On Wednesday, the state Senate Health Committee approved a bill (SB 1072) that would require screening of newborns for two lysosomal storage diseases, including Krabbe disease, the Ventura County Star reports.
The bill now goes to the Senate Appropriations Committee.
Background on Disease
Krabbe disease is a nervous system disorder that affects about one in 100,000 infants. It can be effectively treated with stem cell transplantation if it is diagnosed before symptoms develop.
California hospitals already collect blood samples from newborns to test for several preventable congenital disorders.
Sen. Tony Strickland (R-Moorpark), who authored the bill, initially sought to mandate testing for six lysosomal diseases. However, he agreed to limit the requirement to two diseases and include a provision that would require the law to be renewed in 2018.
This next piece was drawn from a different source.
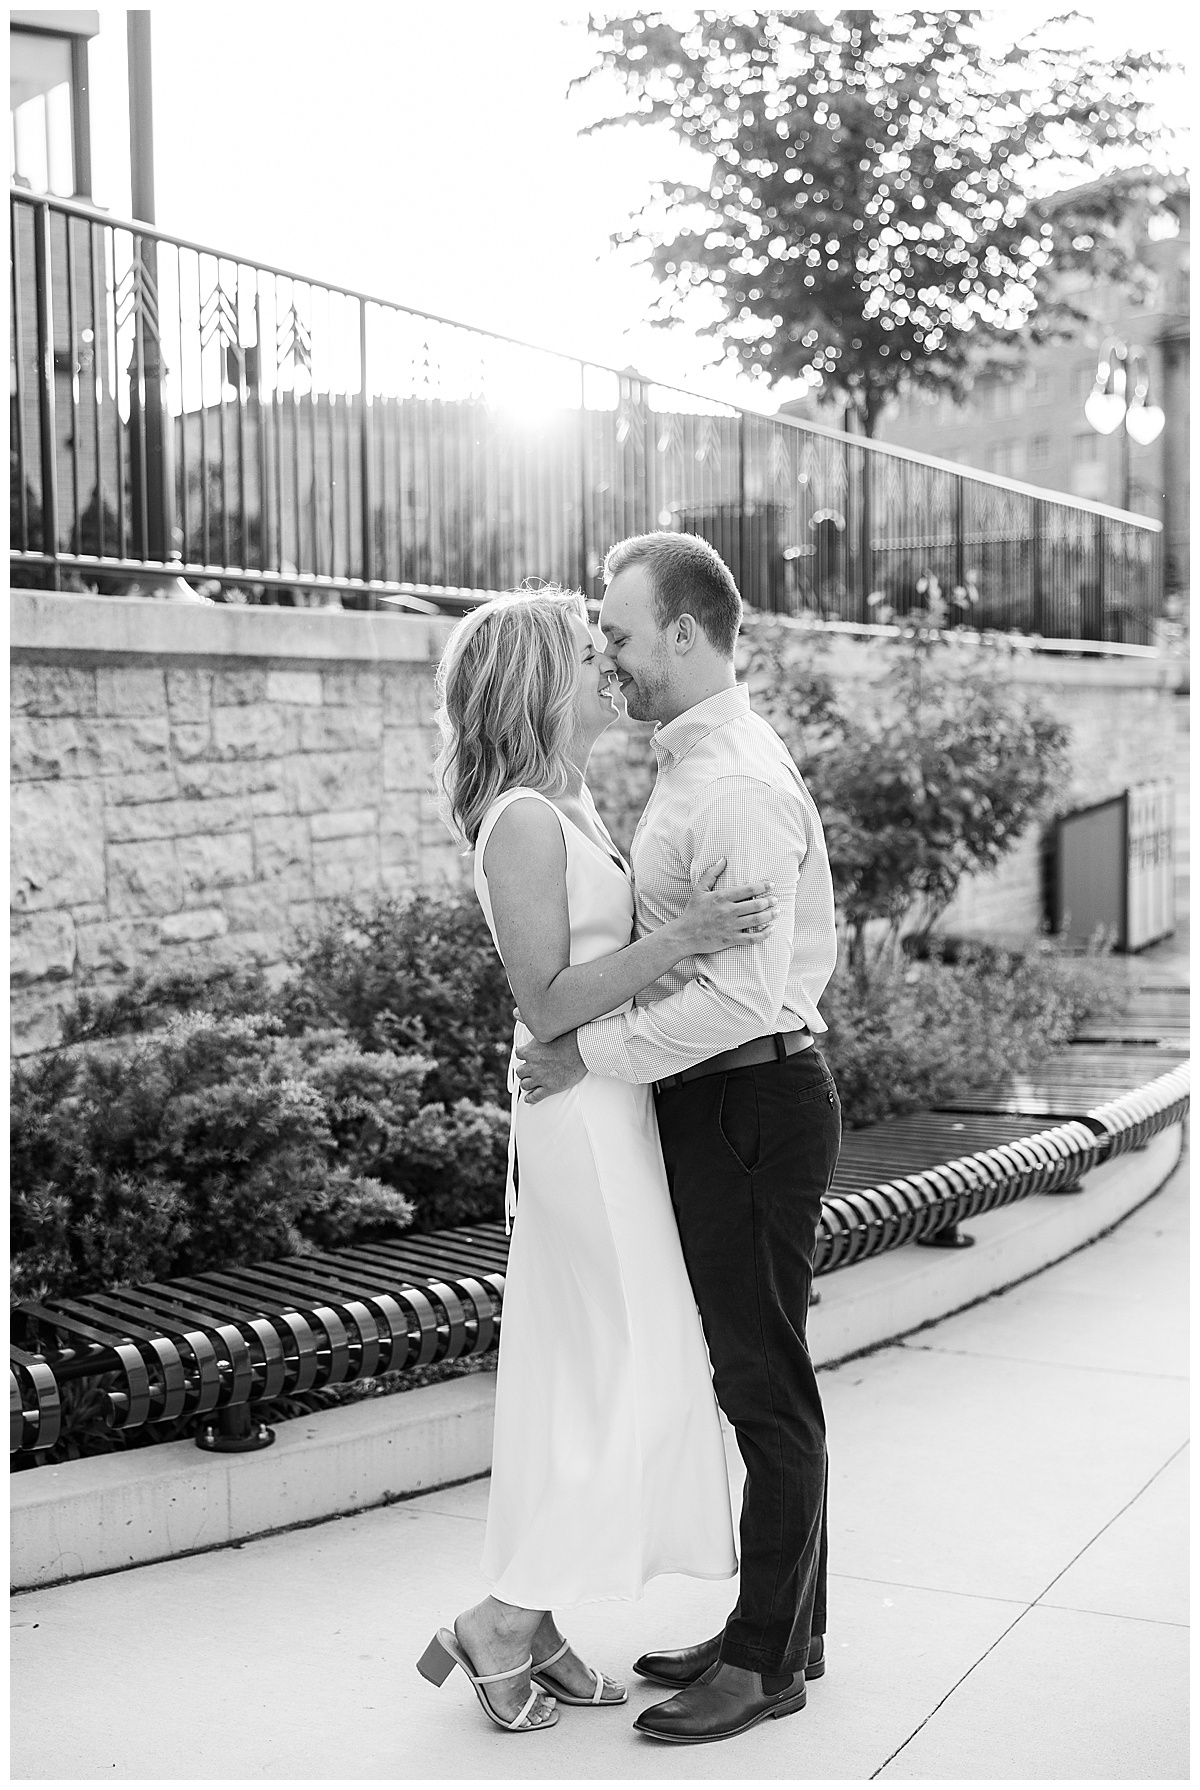 Downtown St. Charles Illinois engagement session

Strickland said, "I think parents deserve all the information they can possibly get," adding, "If you identify the disease at birth, you can change the quality of life for these children."
Opposition to Bill
Some public health experts have expressed reservations about the bill, saying too little is known about Krabbe disease and the effectiveness of stem cell therapy as a treatment.
William Wilcox -- a UCLA medical school professor and a member of the advisory board of the state newborn screening program -- testified before the health committee that testing results from infants in New York suggest that mandatory testing for Krabbe disease "would not be the best option" for California.
He said, "There's an enormous amount of work to be done to understand Krabbe disease better and to understand what the real benefits of transplantation are."
The California Hospital Association and the California Medical Association also oppose the legislation (Herdt, Ventura County Star, 4/18).